Vice Minister of the Central Investigation Department of the Chinese Communist Party

Personal details
- Born: 1917 Linzi County, Shandong, China
- Died: 1977 (aged 59–60)
- Party: Chinese Communist Party

= Cui Jiyuan =

Chinese politician

Cui Jiyuan (崔继瑗; 1917–1977) was a Chinese politician of the People's Republic of China. He served as vice minister of the Central Investigation Department of the Chinese Communist Party (CCP) and as vice president of the Chinese People's Association for Friendship with Foreign Countries.

== Biography ==
Cui Jiyuan was born in 1917 in Cuijiaguanzhuang, Linzi County (now Linzi District, Zibo), Shandong Province. In the autumn of 1937, following the outbreak of the Second Sino-Japanese War, he left Jinan Senior High School and traveled to Yan'an. In August 1938, he enrolled at the Guyi branch of the Shaanbei Public School, and in September of the same year he joined the Chinese Communist Party.

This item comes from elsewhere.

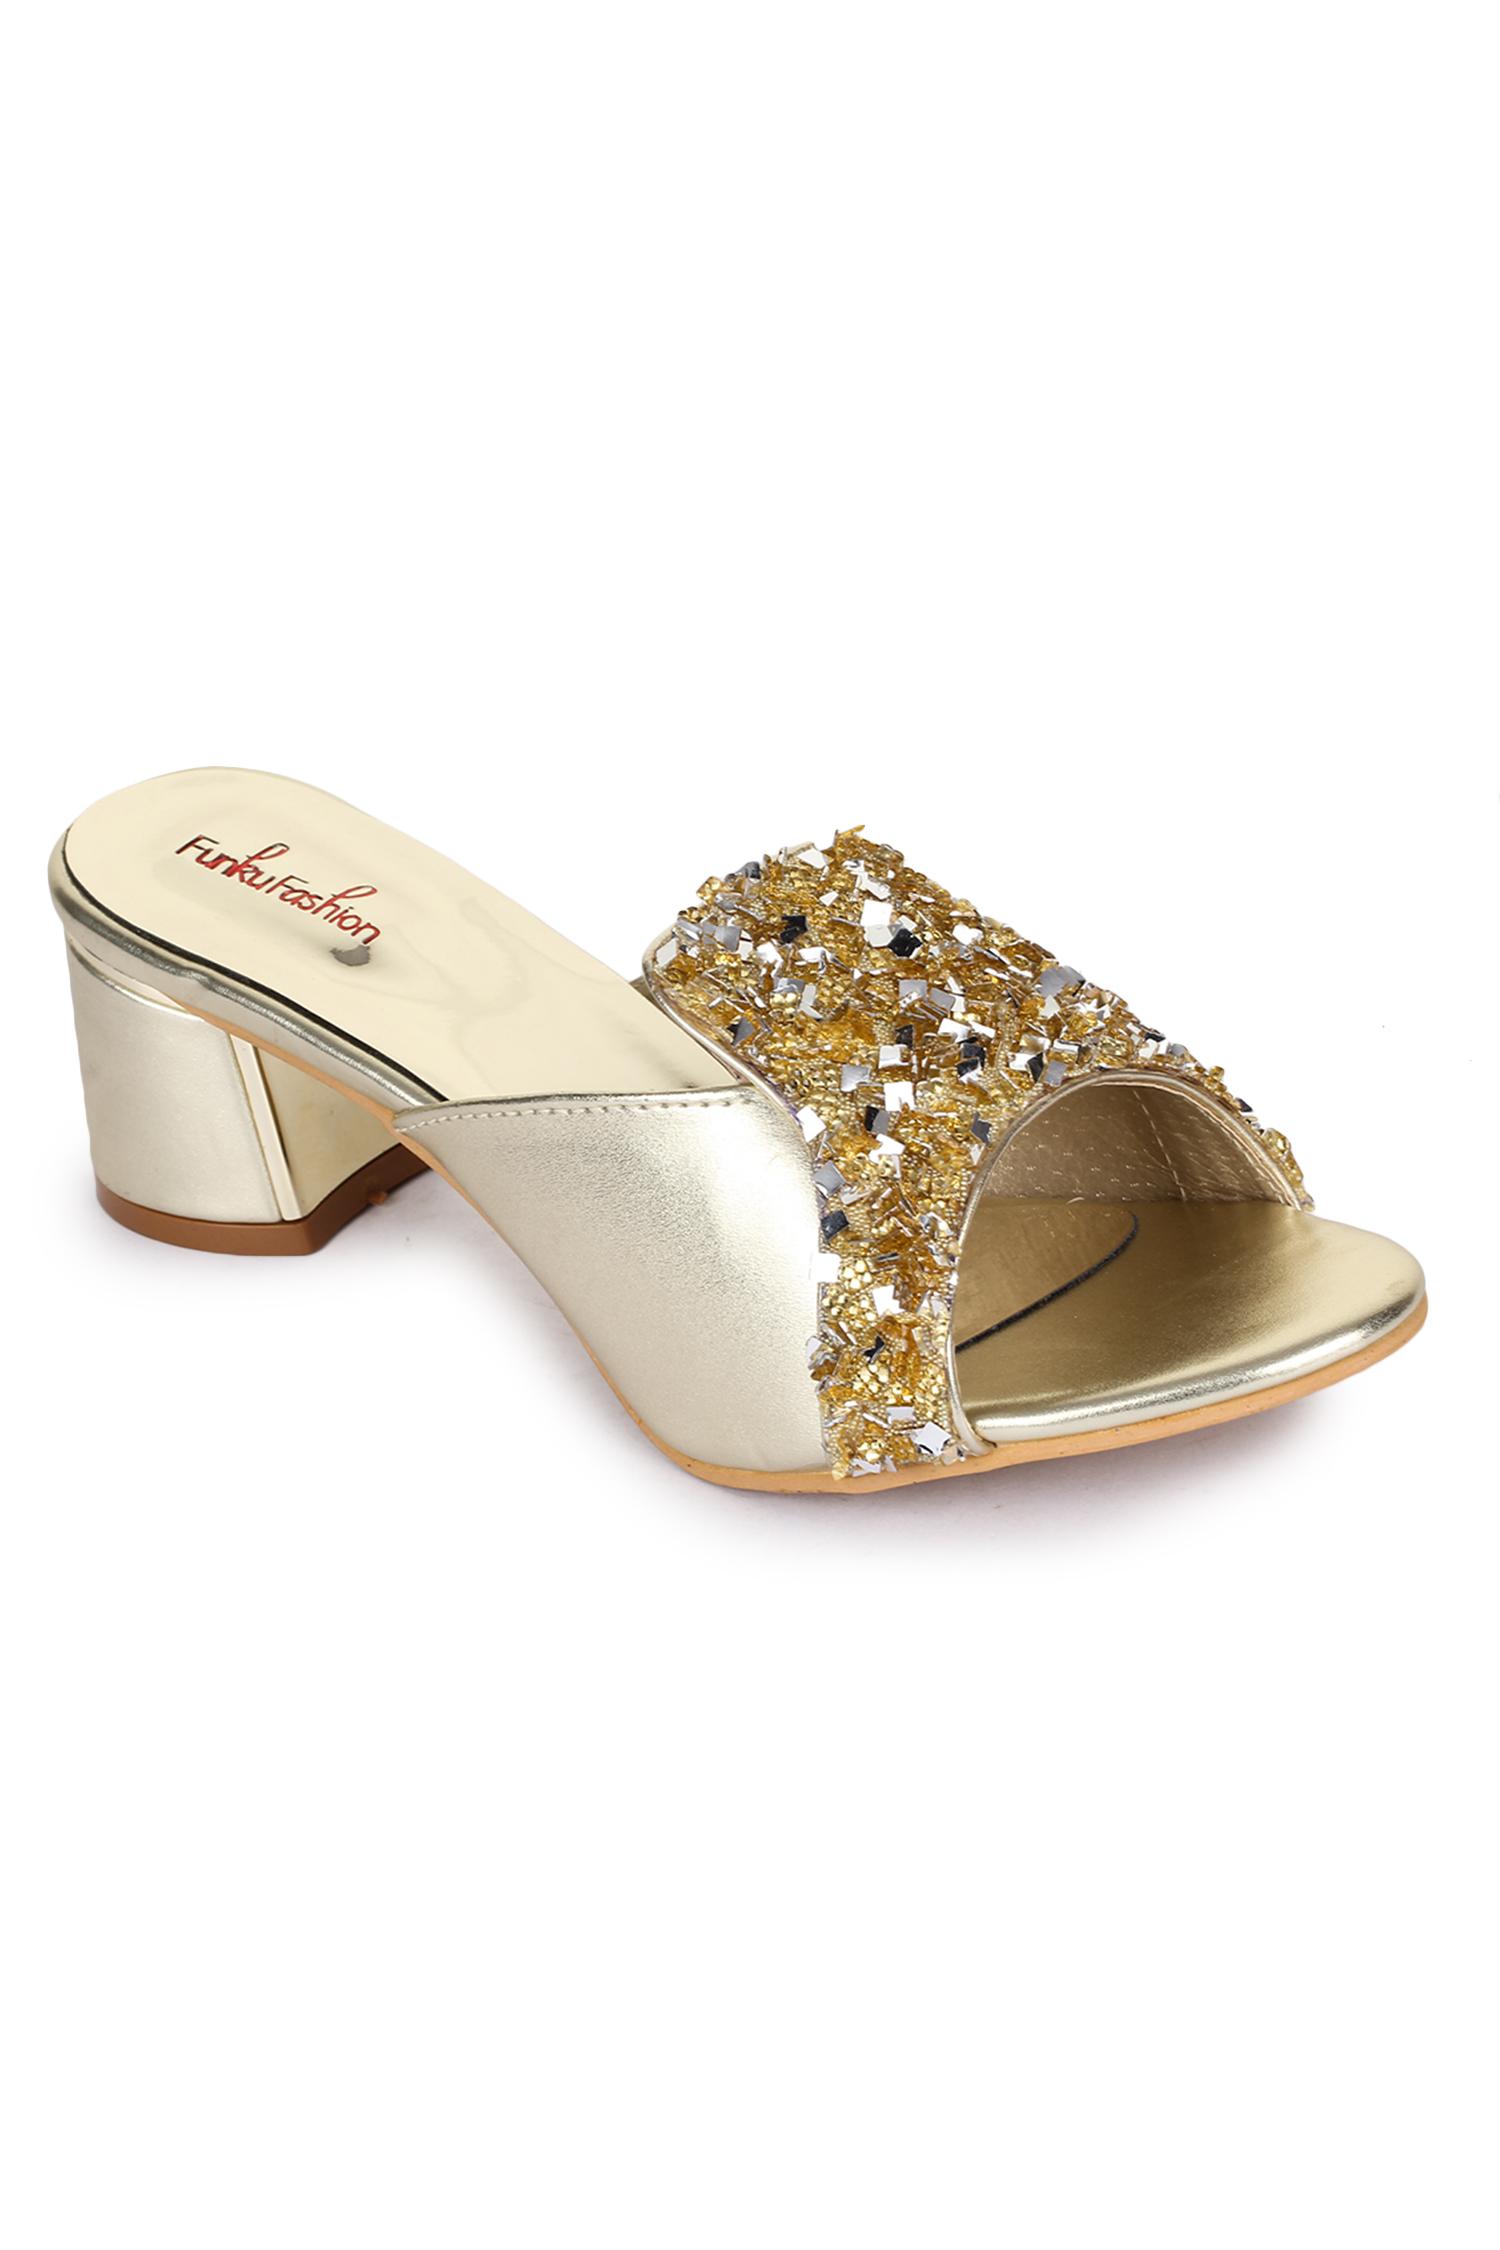 Funku Fashion Women Golden Block Heels

After completing his studies in July 1939, Cui worked for an extended period in the government of the Jin–Cha–Ji Border Region, where he was involved in political and administrative affairs. From August 1948 onward, he held a series of positions within the CCP's security and intelligence apparatus, including section chief of the Social Affairs Department of the CCP Jin–Cha–Ji Bureau, deputy director and director of the Social Affairs Department of the CCP North China Bureau, and director, deputy director, and later director of the Liaison Department of the Central Revolutionary Military Commission.

In July 1956, Cui was appointed political counsellor at the Embassy of the People's Republic of China in Switzerland. In January 1965, he became vice minister of the Central Investigation Department of the Chinese Communist Party, a position he held until his death. In addition to his intelligence work, he also served as a vice president of the Chinese People's Association for Friendship with Foreign Countries, contributing to the PRC's external liaison and friendship activities.

Cui Jiyuan died of illness in December 1977 at the age of 60.